As one doomed healthcare plan dies, another begins.
Thursday, September 28, 2006
Following the death-by-veto of state Sen. Sheila Kuehl’s universal healthcare bill last week, the lead sentence of a story in Tuesday’s New York Times seemed almost pathetic: “A federal advisory panel said Monday that Congress should take immediate steps to guarantee that all Americans have access to affordable healthcare by 2012.”
The piece reported on the findings of the Citizens’ Healthcare Working Group, which was created in 2003. “It should be public policy, written in law,” the bipartisan panel decreed, “that all Americans have affordable access to healthcare.”
Maybe this report will give some hope to the 45 million uninsured Americans, or to the lucky families who spend, on average, close to $1,000 per month on health insurance. Probably not.
The healthcare crisis has become so acute it is inflicting grave damage to the economy.

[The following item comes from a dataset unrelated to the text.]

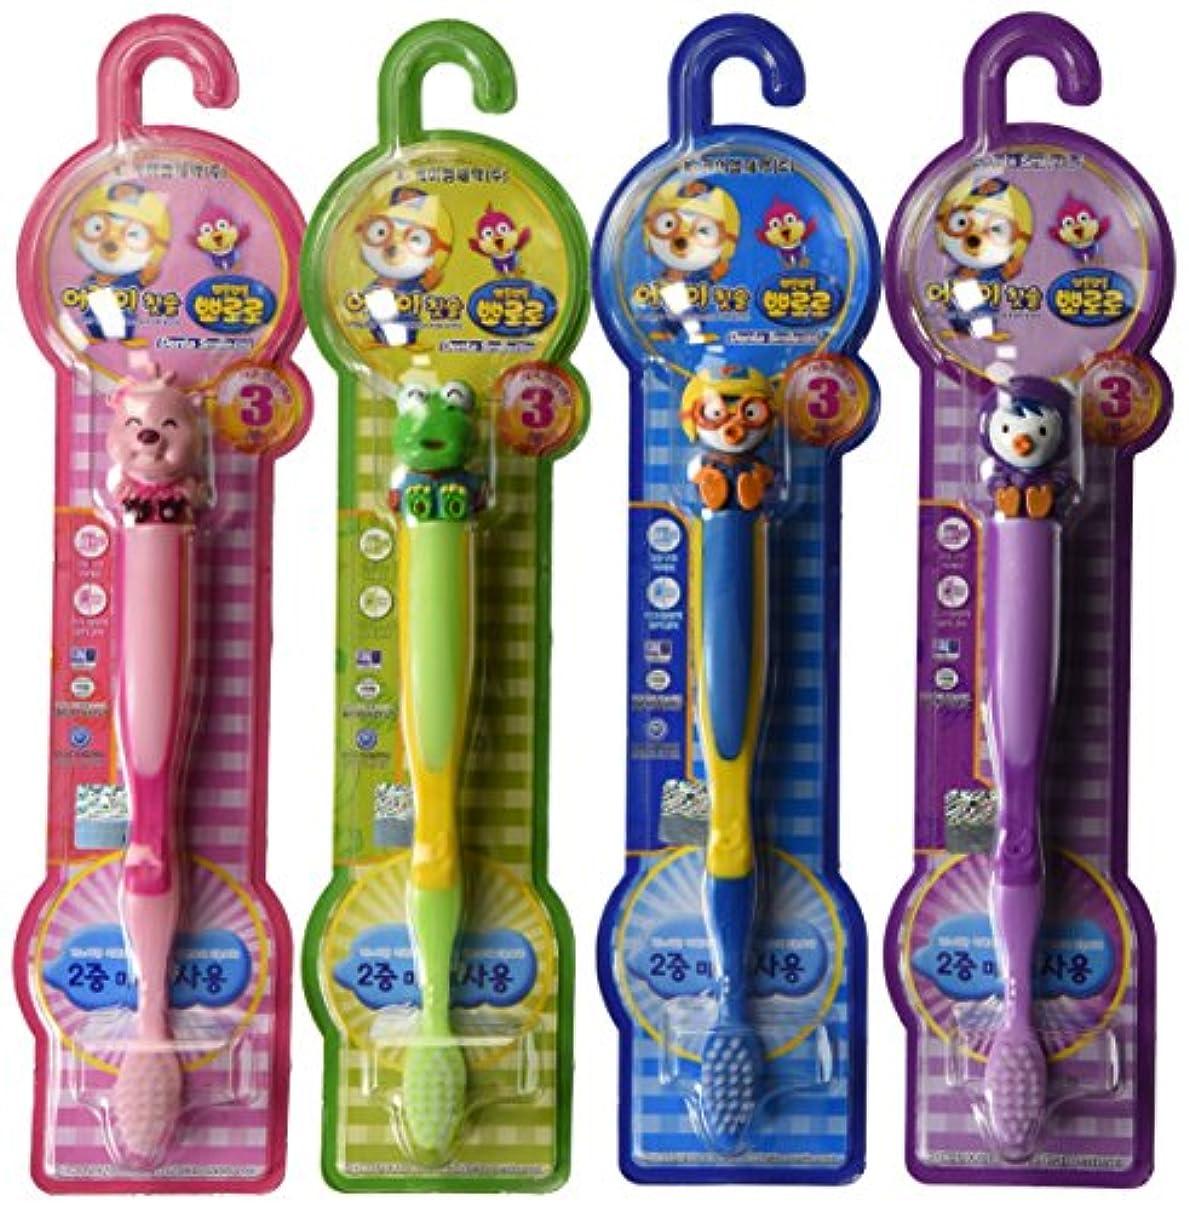 Pororo Kids Children Toothbrush Toothpaste (4units) by TheJD [並行輸入品]
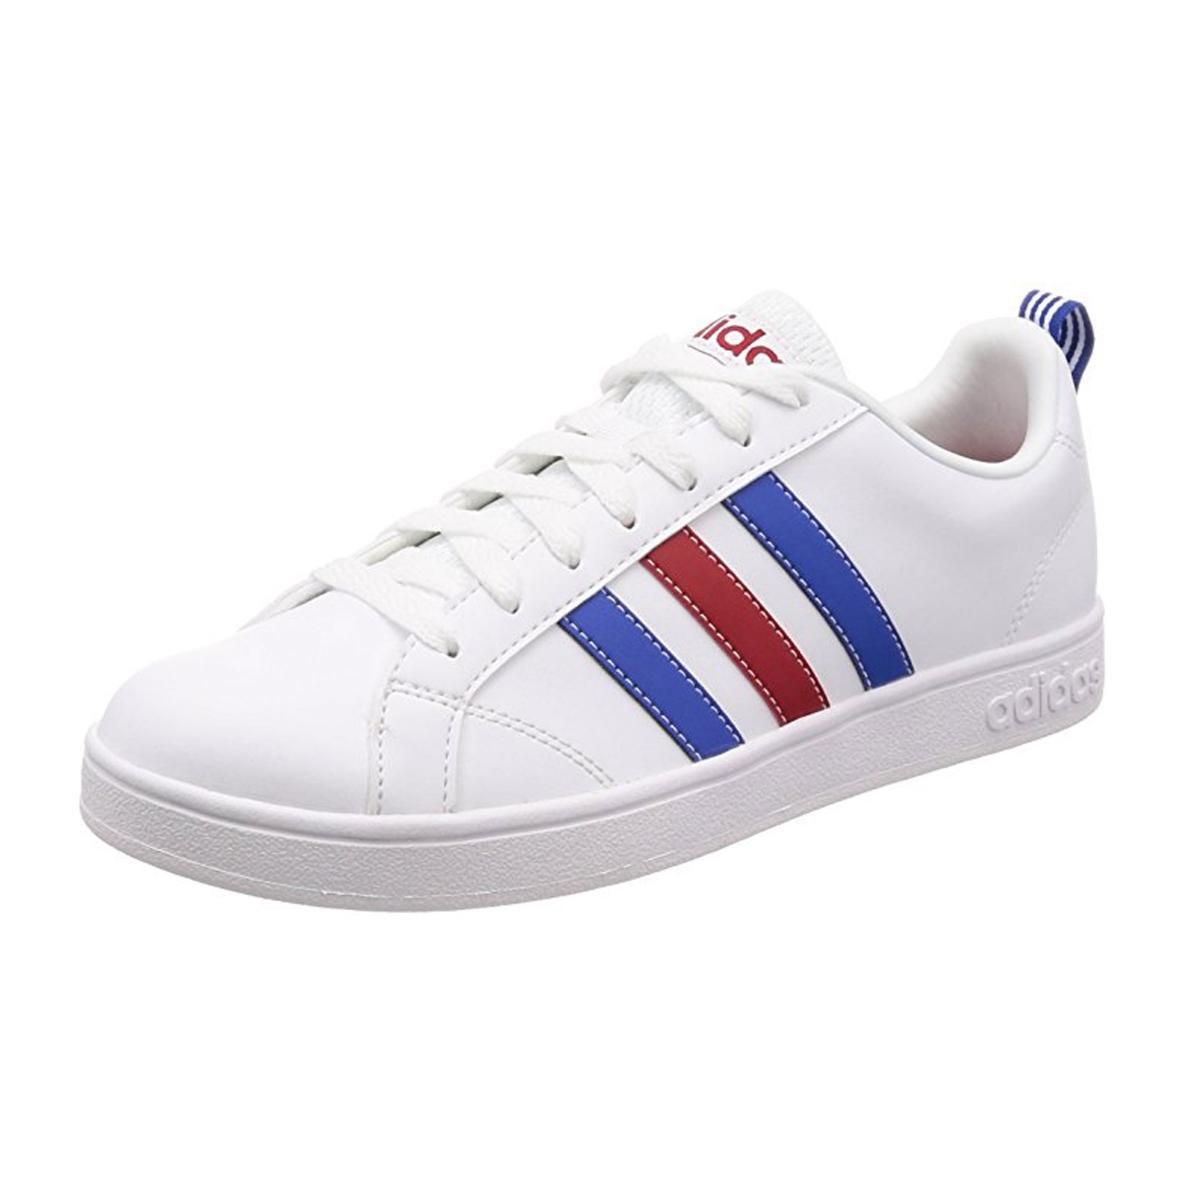 adidas scarpe sportive

National health insurance is an idea that has been stalled for a long time. First proposed by Pres. Harry Truman in 1945, the idea has come and gone from the political agenda, surfacing most recently with the spectacular crash-and-burn of the Clinton administration’s effort in 1993. If the Working Group is able to succeed, it will have to overcome even bigger problems than those that stymied past leaders.
The battlefield has moved to the states. Kuehl’s bill was the latest in a series of moves by state lawmakers to tackle an issue that the federal government does not seem to be able to cope with. Massachusetts this year passed a law both requiring all residents to purchase health insurance and offering inexpensive, state-subsidized policies. Hawaii and Maine have instituted programs that offer near-universal health insurance. Similar plans have been proposed, and have failed, in 26 other states. Meanwhile, the ranks of the uninsured have ballooned—there are 1.3 million more uninsured this year than last.
Most Americans rely on employer-provided plans. In the past five years, the number of firms offering benefits has dipped from 69 percent to 61 percent.
The healthcare crisis has become so acute it is inflicting grave damage to the economy. Big and small companies now devote substantial resources to providing heathcare. In addition to causing real pain in millions of American households, this situation puts US industries at a competitive disadvantage in the global economy.
• • •
When he signed California’s global warming initiative less than two weeks ago, Arnold Schwarzenegger took on an important issue that the federal government has failed to confront. In vetoing Kuehl’s bill, he passed up an opportunity to do that again.
In delivering his veto, Schwarzenegger criticized Kuehl’s bill (which, unlike the Massachusetts plan, would have set up a state-run system) for “creating a vast new bureaucracy.”
“I cannot support a government-run healthcare system,” Schwarzenegger said. “Such a program would cost the state billions and lead to significant new taxes on individuals and businesses.”
Kuehl responded that her bill would have cost no new money, and condemned the governor for choosing to “leave healthcare in the hands of private insurance companies and let working families lose coverage one family at a time, let them go bankrupt even when they have insurance, and let hospitals close one at a time.”
Laura Zehm, vice president and chief financial officer for the Community Hospital of the Monterey Peninsula (CHOMP), does not lament the demise of Kuehl’s bill. (The hospital took no position on the legislation; Zehm speaks only for herself on this matter.) Zehm is not a fan of government-run insurance programs.
Because many of its patients are over 65 years of age, and therefore eligible for Medicare, CHOMP relies on that government program for much of its income. And that costs the hospital money.
“If Medicare and Medical paid only what it costs to provide care, we could lower our fees to other patients by 40 percent,” she says. “But they pay only half of those costs. This year we will spend $226 million for Medicare patients, and be reimbursed $114 million.”
There is an unfairness at work here, in Zehm’s estimation. Many of these patients are quite well off, but Medicare does not discriminate—it is available to all Americans. She admits to a belief that “means testing,” which would require wealthy patients to pay for their care, would be more fair, but that is not the solution she favors. Instead, she is hoping that healthcare providers, employers, insurance companies and the government can come up with a solution to this crisis.
The governor says he hopes next year to work with lawmakers, including Kuehl, to do just that. His opponent, Democrat Phil Angelides (whose support for Kuehl’s bill was lukewarm at best) promises to do the same.
Meanwhile, the federal government will continue its slow move toward a national solution. If we are to hope, we are better off hoping that California’s leaders will come up with something.